You made a mistake in calculating the batteries. They are 6 volt so it'll take all 4 of them in series to get 24v. So you bank will only be 235AH. That means you battery bank will be a little undersized. You should only use 20% of the capacity in a day. That would be 1124WH and your planning on 1800WH. Charge rate with your array ends up right at C/8. so right on the high side but workable.

Also go with the larger inverter. I think if you stay with the 600W one it'll have a hard time handling the startup surge of the frig.

Other then that it looks like a decent setup.

WWW


----------



## DWBayless (Jul 22, 2015)

wy_white_wolf said:


> You made a mistake in calculating the batteries. They are 6 volt so it'll take all 4 of them in series to get 24v. So you bank will only be 235AH. That means you battery bank will be a little undersized. You should only use 20% of the capacity in a day. That would be 1124WH and your planning on 1800WH. Charge rate with your array ends up right at C/8. so right on the high side but workable.
> 
> Also go with the larger inverter. I think if you stay with the 600W one it'll have a hard time handling the startup surge of the frig.
> 
> ...


Oh, yes! Absolutely right. Thanks.


----------



## homestead-hubby (Jul 9, 2015)

wy_white_wolf said:


> You made a mistake in calculating the batteries. They are 6 volt so it'll take all 4 of them in series to get 24v. So you bank will only be 235AH. That means you battery bank will be a little undersized. You should only use 20% of the capacity in a day. That would be 1124WH and your planning on 1800WH. Charge rate with your array ends up right at C/8. so right on the high side but workable.
> 
> Also go with the larger inverter. I think if you stay with the 600W one it'll have a hard time handling the startup surge of the frig.
> 
> ...


Good catch... I didn't even look at that till you mentioned it..


----------



## homestead-hubby (Jul 9, 2015)

DWBayless I will write more tomorrow... I'm off to bed... The old lady says so... She's the boss... But yes that setup would be better with a larger inverter........ might want to invest in a battery bank of some of the deep cycle 12v batteries or something.... 

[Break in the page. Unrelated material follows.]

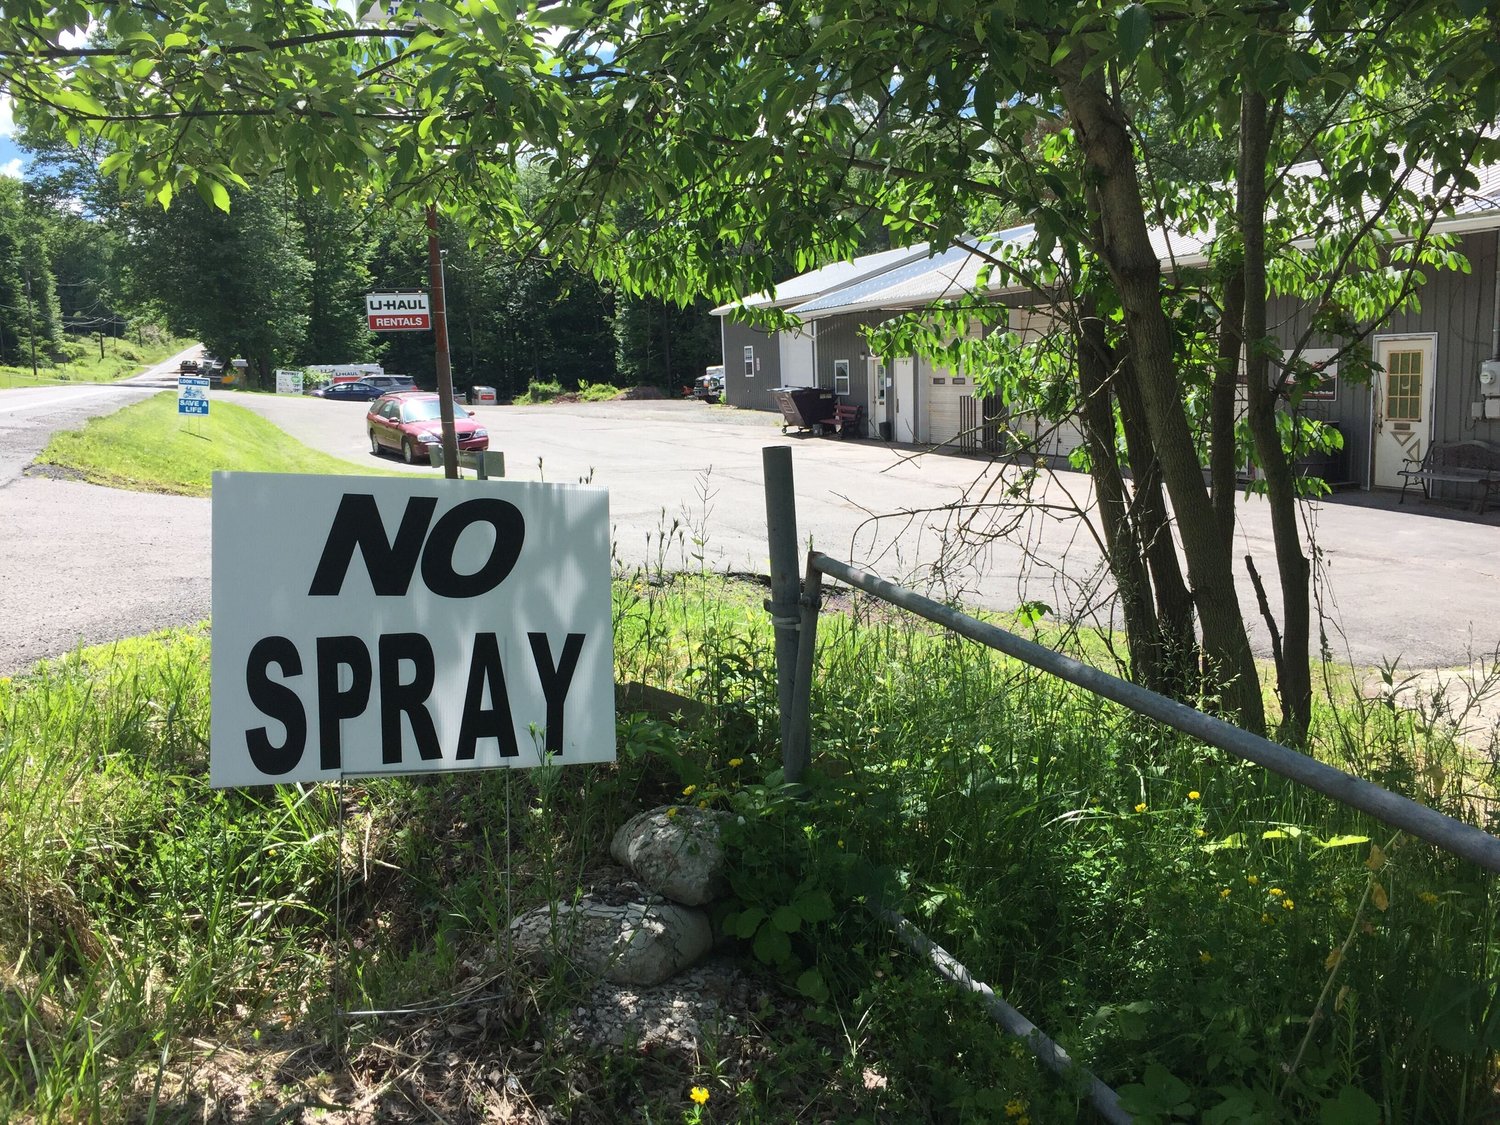 NO SPRAY signs have cropped up all along Route 652 through Berlin Township. This photo was taken heading west near Paparella’s Towing.

I'm personally not a fan of being grid tied so I'm a bit biased against setting up to be grid tied... Okay I gotta go... I'll write when I am a bit more coherent... Sleeping pills kicked in...


----------



## DWBayless (Jul 22, 2015)

homestead-hubby said:


> DWBayless I will write more tomorrow... I'm off to bed... The old lady says so... She's the boss... But yes that setup would be better with a larger inverter........ might want to invest in a battery bank of some of the deep cycle 12v batteries or something....
> 
> I'm personally not a fan of being grid tied so I'm a bit biased against setting up to be grid tied... Okay I gotta go... I'll write when I am a bit more coherent... Sleeping pills kicked in...


My first considered COA was a 12V system, 470AH. When I decided when I'd decided to go 24V, I indicated that I'd need double the batteries on my system worksheet, and my estimation of what I was planning to power with the system. It didn't stick in my grey matter, I suppose. I got stuck on 2X2. I guess that is the risk of system planning during insomnia moments. . 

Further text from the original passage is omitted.